It is determined by calculating the True positive rate (or recall) versus the True negative rate (1-specificity) by varying a discrimination threshold. The metric then consists of measuring the area under the ROC curve (AUC) as a score.
For an interactive example of its construction, see this website.
Although some of the metrics presented may have multilabel variants, there are metrics specific to multilabel classification tasks (which involve predicting several labels at the same time).
Some of these are described and implemented in scikit-learn, such as the coverage error, label ranking average precision, ranking loss...
Analysis of relationships between variables¶
Using one or more metrics is a first step, but it's not enough to understand the relationships between variables and their impacts on predictions.
Analysis of relationships between features¶
This involves analyzing the relationships between features, by examining the importance of features used by the model.
Some models are natively equipped with such a score:
- the coefficients of a regression.
- the importance of the features used in the partitions of a decision tree.
Analysis of the relationship between features and target variable¶
This involves analyzing the relationships between predictors and target variables, in particular their degree of dependence.

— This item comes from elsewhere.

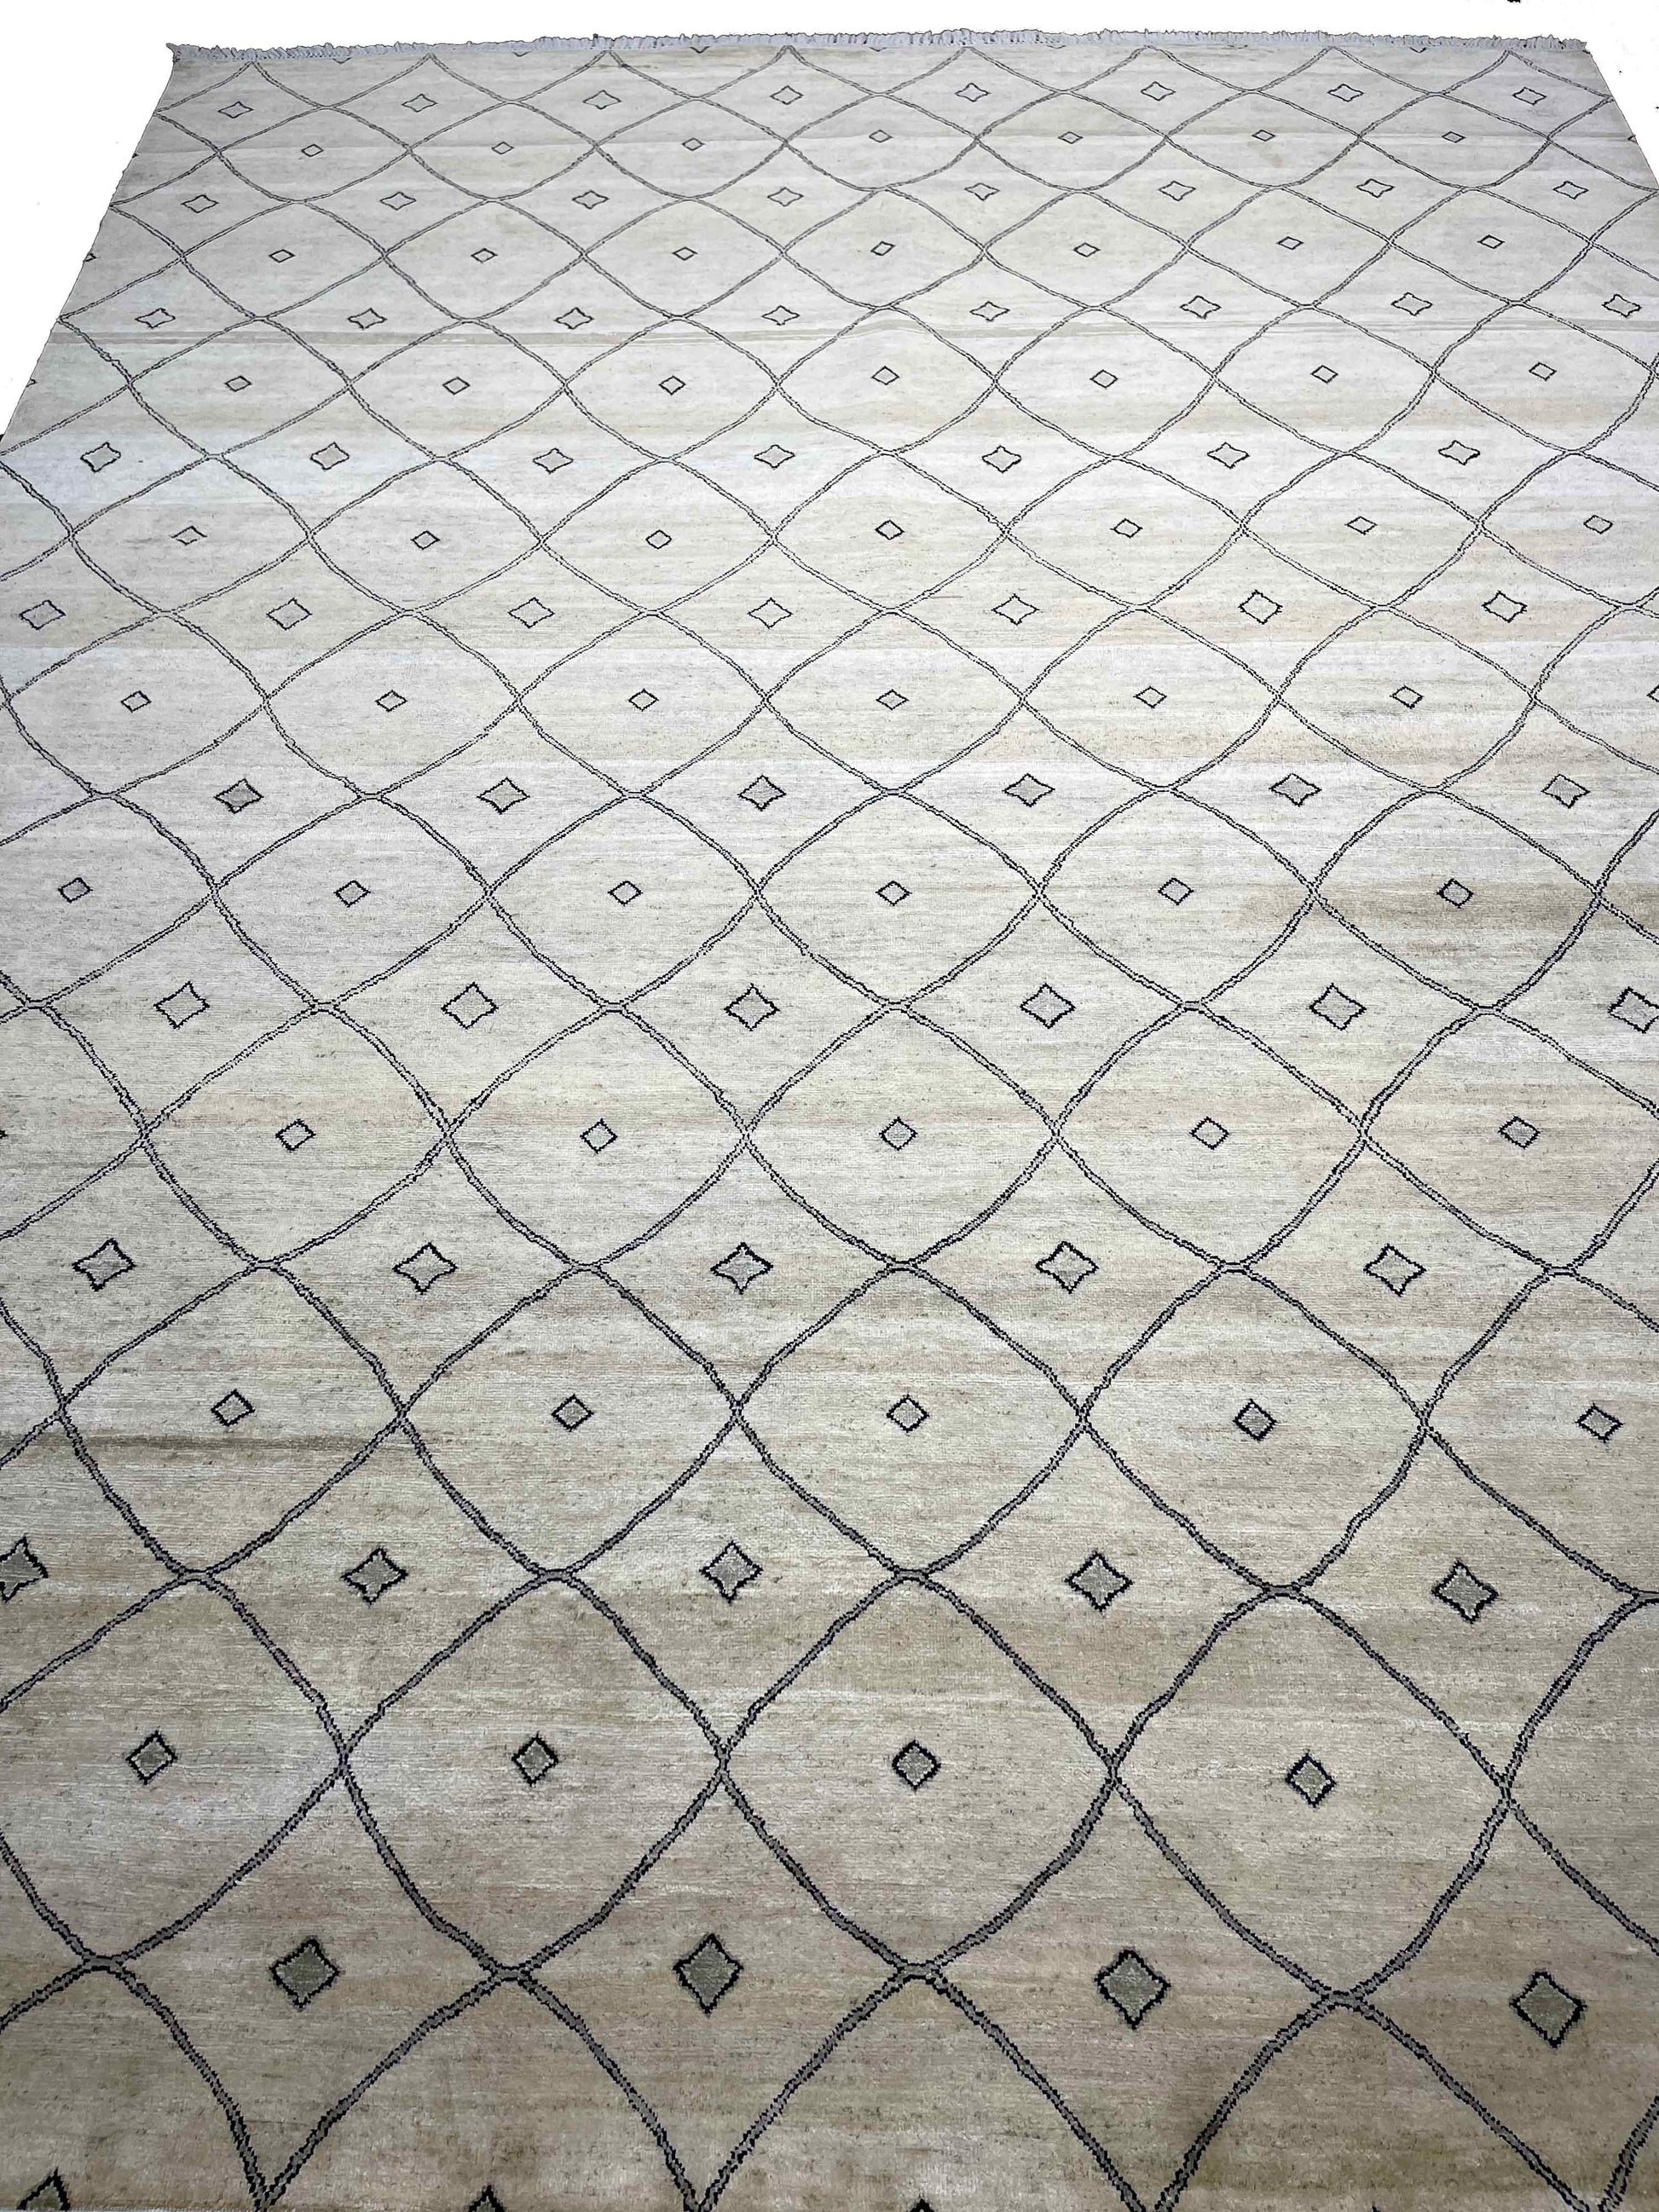 Get trendy with Ivory Pure Silk Modern Handknotted Area Rug 7.11x10.4ft 241x314Cms - Traditional Rugs available at Jaipur Oriental Rugs. Grab yours for $5890.00 today!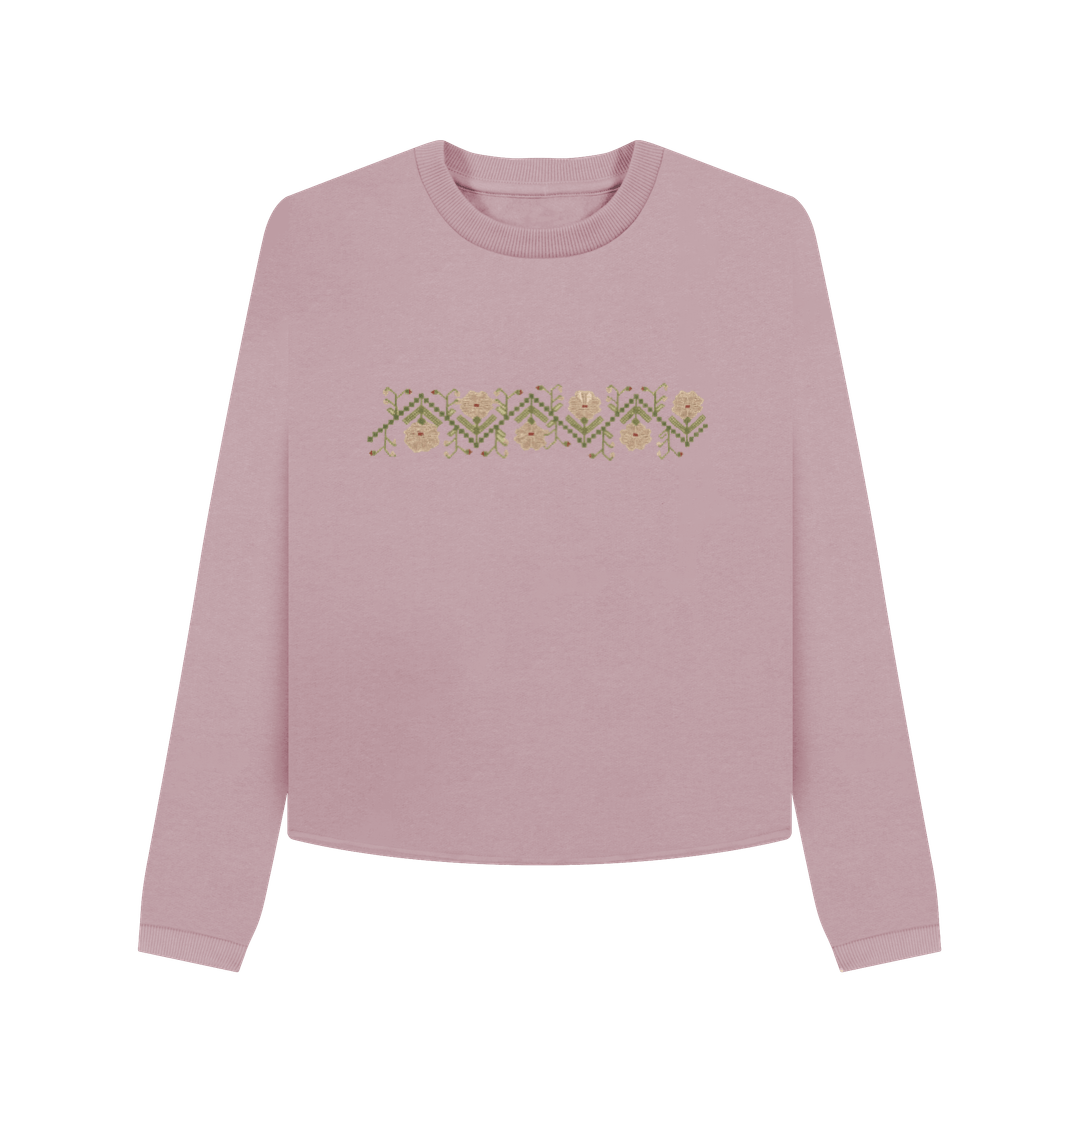 Mauve Women's Sampler Flower Band, Cropped Crew Neck sweater

Partial dependency analysis (partial dependence plots - PDP)¶
PDP graphs are often used to represent the dependence of the response variable, with a sub-group of features of interest (usually a small number of the most important ones), compared with all other features.
Example of PDP on a predictive model of bicycle rental with the variables temperature and humidity
ICE represents the dependence between the response variable and a representative subgroup of features, for each obervation separately. An interest feature is generally represented by an ICE grapics (for ease of reading)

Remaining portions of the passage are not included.